DETAILED DESCRIPTION

In accordance with the embodiments presented, a system and method are provided for controlling an interactive collaborative environment. The method is suitable for enhancing environments such as interactive computer games, e-commerce collaborative environments, collaborative work environments, and teleconferencing environments. These environments are often rendered in two dimensions (2-D) or three dimensions (3-D) to enhance the user experience and allow the users to interact on many different dimensions or levels.

Thanks to the ubiquity of computer systems, environments making use of interactivity and collaboration are flourishing. However, the heterogeneity of these computer systems has also posed challenges for such interactivity. The description below demonstrates methods and systems for altering or optimizing the running of such environments.

FIG. 1A is a block diagram showing three devices with differing operational characteristics participating in a collaborative environment using one embodiment of the present invention. In this example, the collaborative environment executes on a server farm 102 which in turn exchanges data with client device1 110, client device2 112 through client devicem 114 over network 108. In one implementation, server farm 102 can be a group of one or more server computers. Alternatively, it can be any collection of one or more computers with the appropriate network, computing, computing, rendering and file storage capabilities.

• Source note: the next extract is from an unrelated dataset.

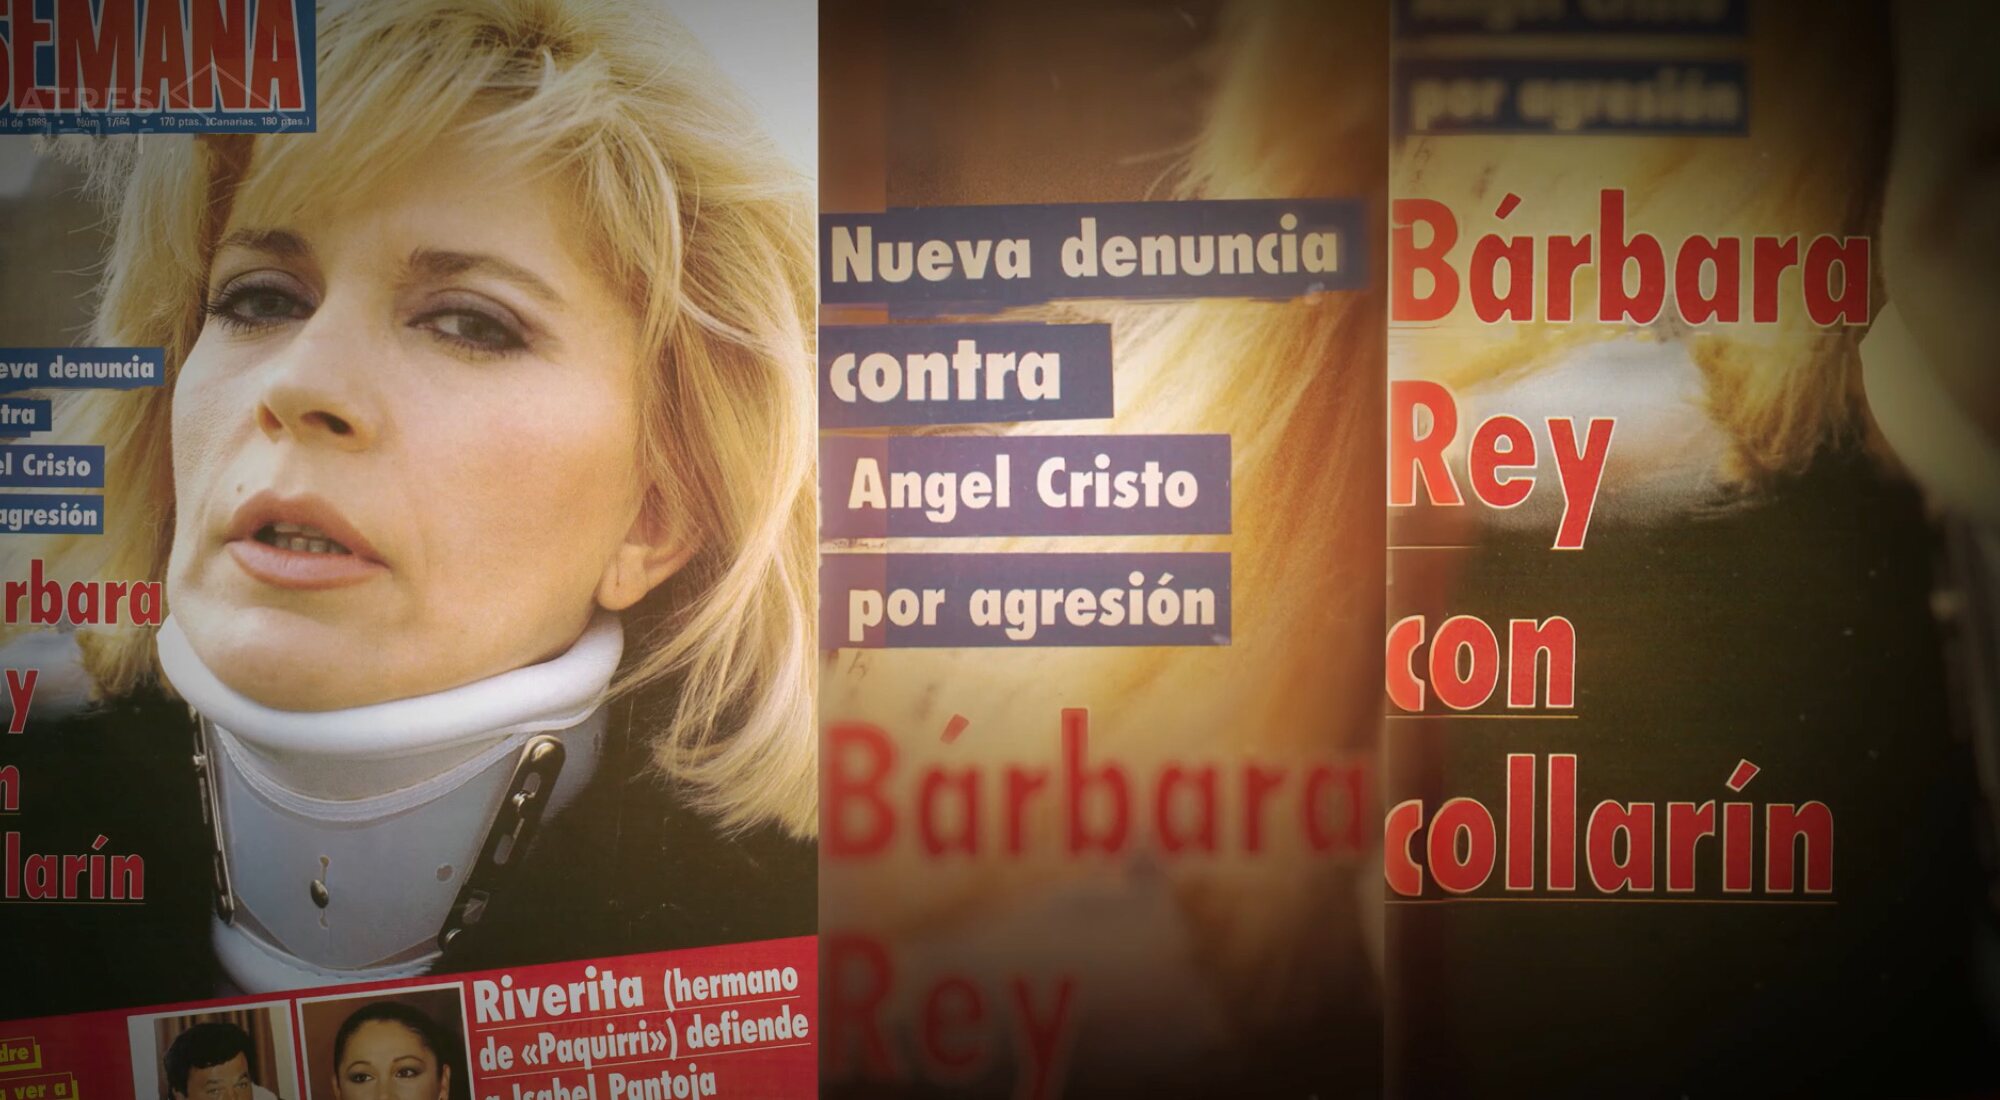 Bárbara Rey, en una noticia sobre una de las agresiones de Ángel Cristo relatada en 'Una vida Bárbara'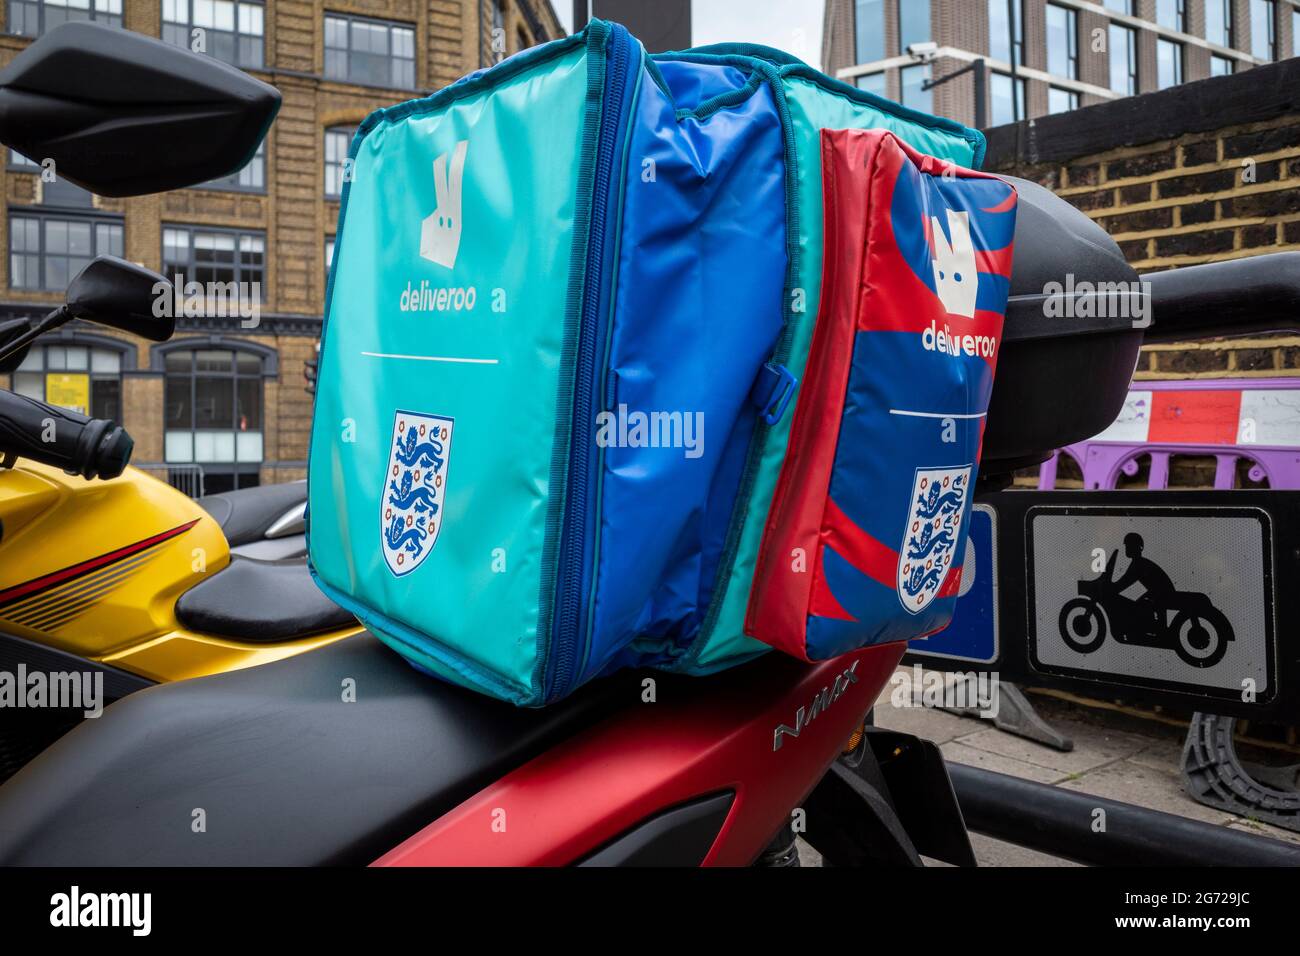 Londra, Regno Unito. 10 luglio 2021. Un vettore di consegna Deliveroo su  una motocicletta è decorato con i tre Lions a sostegno della nazionale di  calcio inglese. L'Italia gioca domani sera in

In this example, server farm 102 contains a set of n collaboration servers 104 and a global state data structure 106. Global state data structure 106 is a database with data describing the current state of the collaborative environment elements for each client. The collaborative environments that are currently available range from multi-user game and video conferencing environments to e-commerce applications, collaborative environment for managing rich media (i.e., managing, browsing and sharing media in an environment) and collaborative work environments. However, when new collaborative environments are created, they would be interoperable with the present invention. In accordance with the present invention, the collaboration servers in server farm 102 control the rendering of environment elements depending on the operational characteristics of the different clients and then transmit compressed images to client devices 110, 112 and 114. Each of the Client Devices 110, 112, and 114 download a small software viewer to interact with and visualize the collaborative environment. Such a software viewer can be implemented for instance in a common cross-platform language such as Java or Visual Basic. This would lessen the programming required to ensure compatibility with the various client devices. Because the collaboration servers contain much of the complexity of the collaborative environment, the viewer can occupy a small area of memory or storage.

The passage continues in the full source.